First, you need to set up your HOST environment variable to the fully qualified domain name of your host and your USER environment variable to your user name. This is done in order to get values to put into the Test Version configuration files.
In the TESTSUPPORT directory, edit the Makefile, and specify the location of the Test Version spool queues. The default location is /tmp; since on most systems these files are deleted or are available to everybody, a more secure location should most likely be used. DO NOT USE THE RAW TESTFILE DIRECTORY. These files need to be copied and placed in another directory.
The LPD_CONF environment variable should be set to the location of the installed lpd.conf file.

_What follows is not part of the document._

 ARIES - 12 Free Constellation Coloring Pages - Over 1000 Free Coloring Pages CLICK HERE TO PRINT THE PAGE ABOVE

In the TESTSUPPORT directory, run make. This will copy and install the necessary files.
Example:
CSH: setenv HOST {fully qualified domain name}; setenv USER `whoami` setenv LPD_CONF /tmp/LPD/lpd.conf set path=( /tmp/LPD $path ) unsetenv PRINTER Example: setenv HOST h4.private setenv USER papowell setenv LPD_CONF /tmp/LPD/lpd.conf set path=( /tmp/LPD $path ) unsetenv PRINTER Bourne Shell: HOST={fully qualified domain name}; export HOST; USER='whoami'; export USER LPD_CONF=/tmp/LPD/lpd.conf.$HOST; export LPD_CONF PATH=/tmp/LPD:$PATH; export PATH PRINTER=; export PRINTER Example: HOST=h4.private; export HOST USER=papowell; export USER LPD_CONF=/tmp/LPD/lpd.conf.$HOST; export LPD_CONF PATH=/tmp/LPD:$PATH; export PATH PRINTER=; export PRINTER cd TESTSUPPORT make
Set your current directory to the location of the compiled Test Version executables. Execute the various executables using ./cmd, or set . as the first entry in the PATH . If it is not the first entry, then the standard system executables will be used.

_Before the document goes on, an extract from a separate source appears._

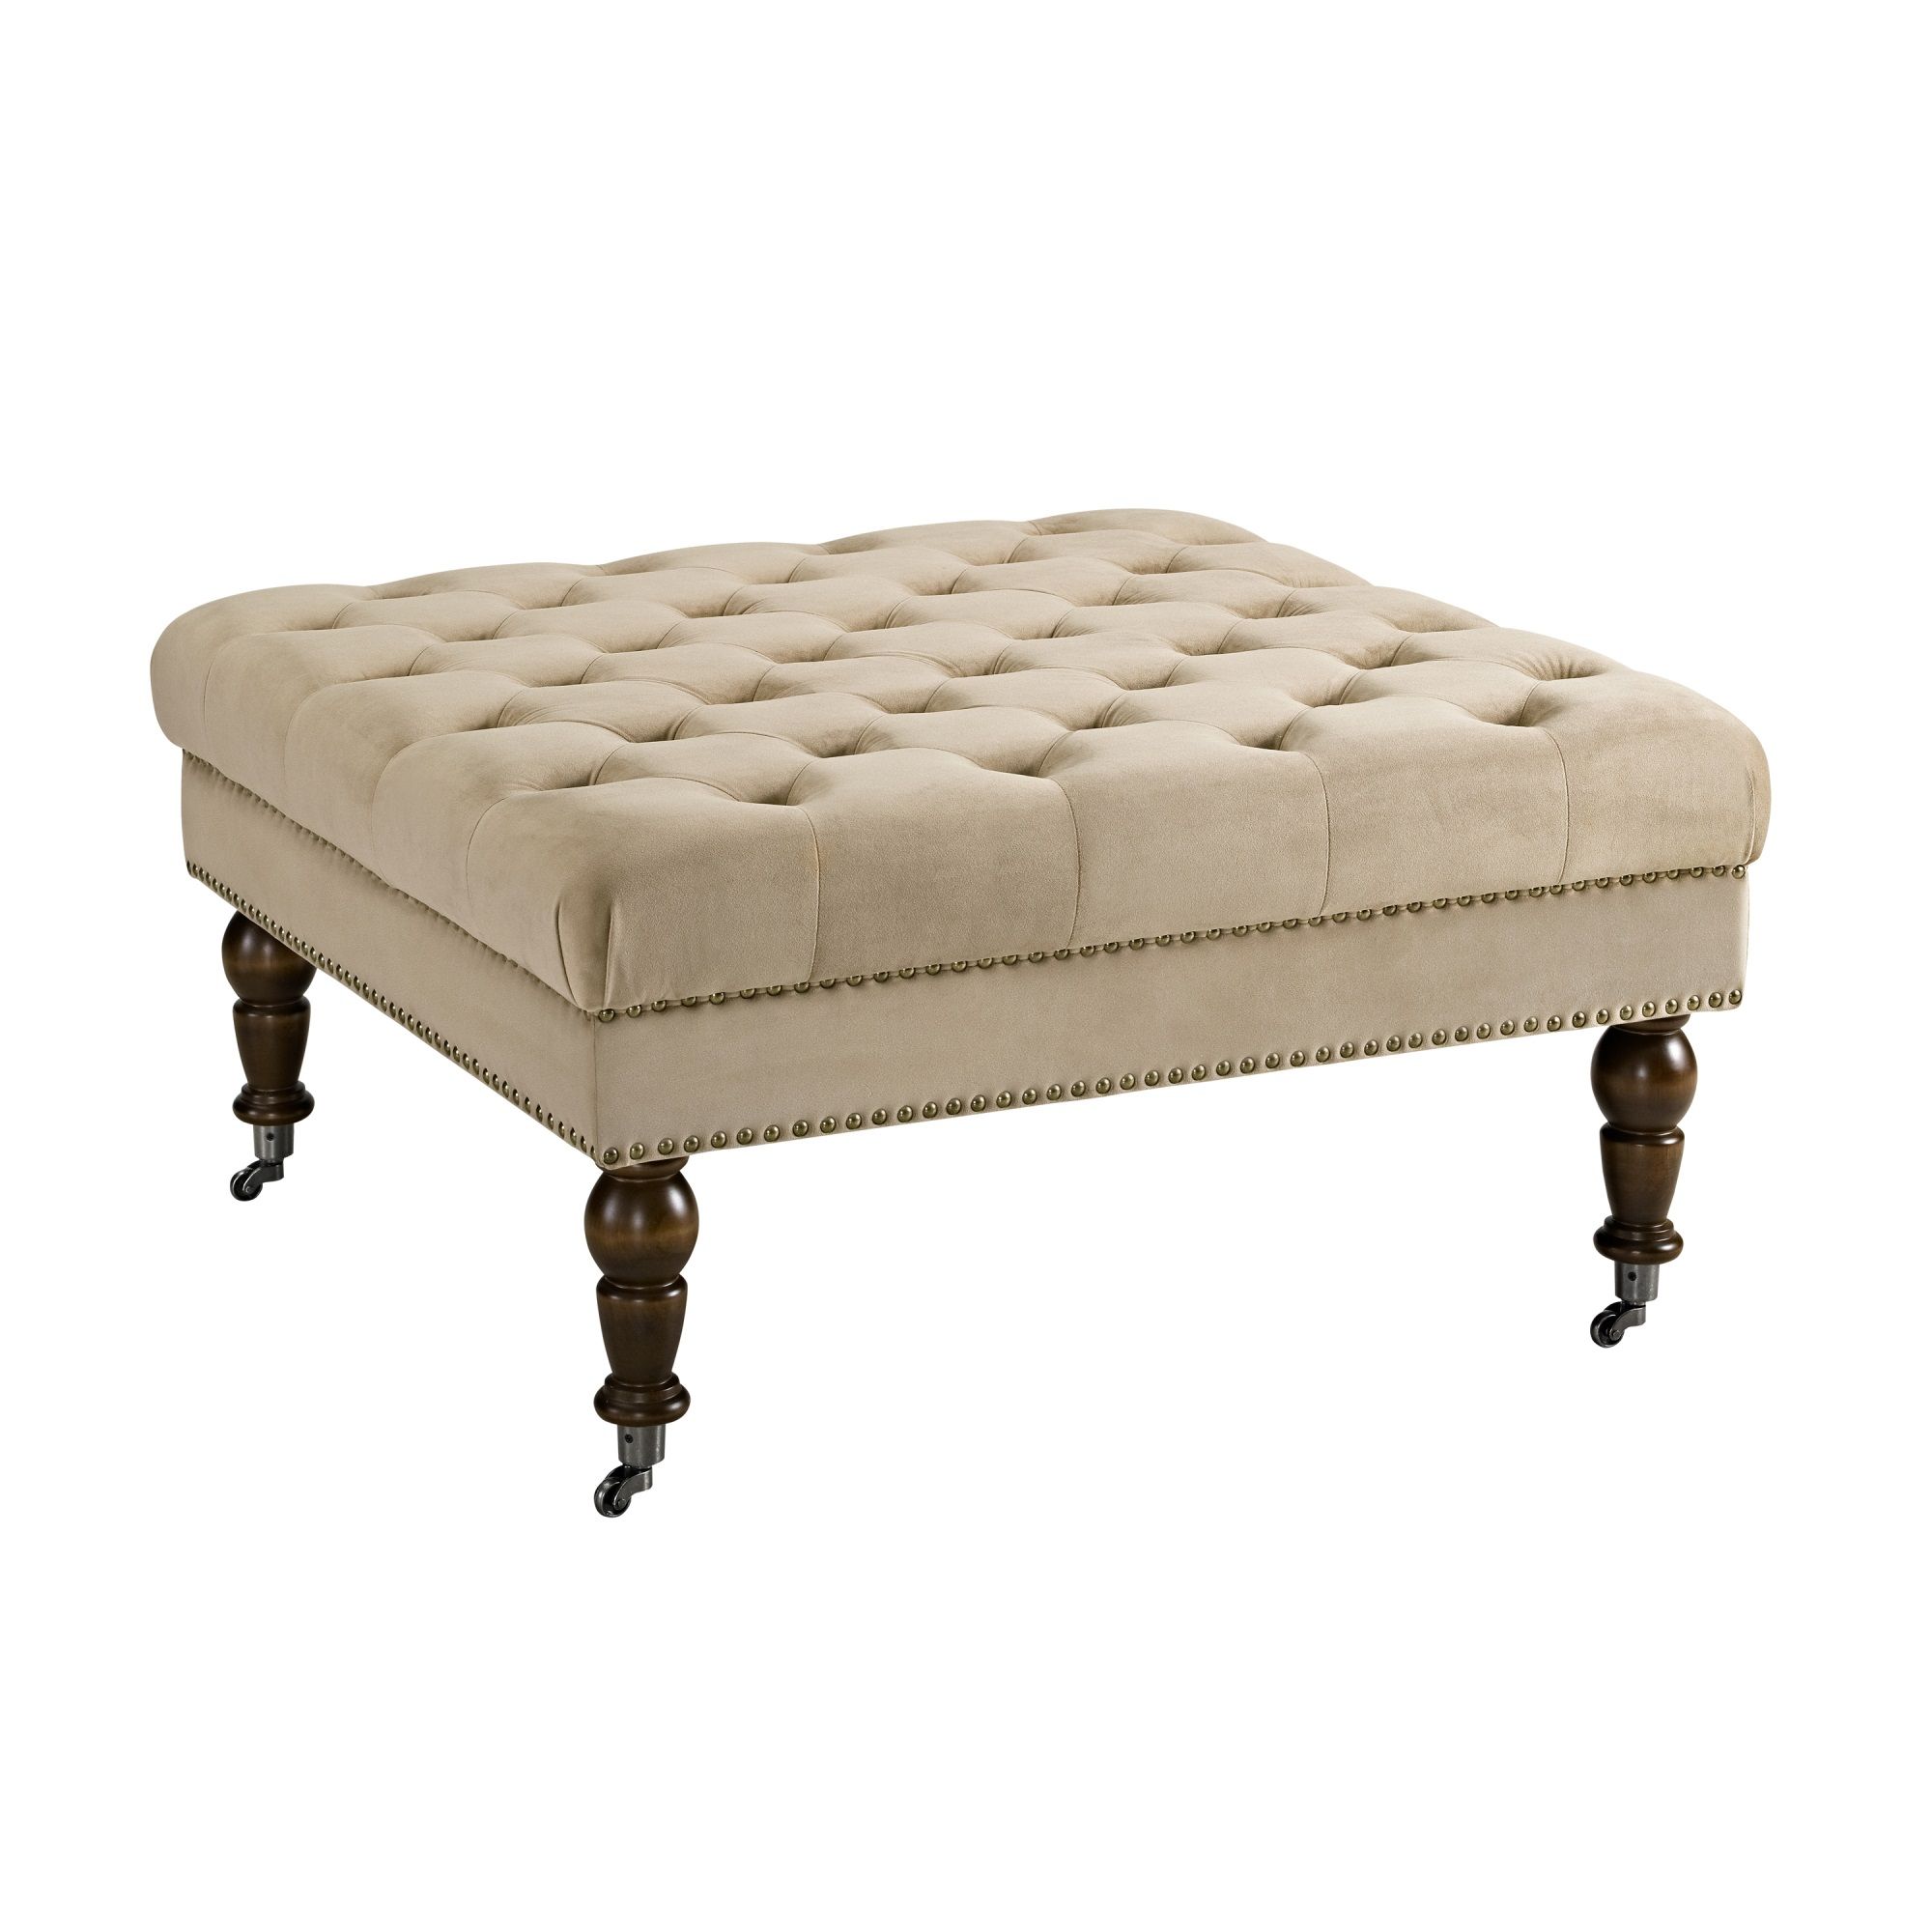 Velvet Upholstered Square Tufted Ottoman With Casters, Beige And Brown Regarding Brown And Gray Button Tufted Ottomans (View 7 of 20)

Run ./checkpc. this will print out the various values for the spool queues in the Test Version setup. If the t1, t2,... spool queues are not displayed, make sure that the LPD_CONF environment variable is set correctly and that you are using the Test Version executable.
Run ./checkpc -f. This will fix up the (deliberately introduced) problems in the spool queues.
Next, run ./lpd -F in one window, and then run ./lpq -a in another window. This will check that the server is working.
You can now amuse yourself by sending jobs, setting up permissions checking, and other chores.
When everything appears to be working correctly, you can then remove the Test Version flag from the src/Makefile, recompile, and install the LPRng software.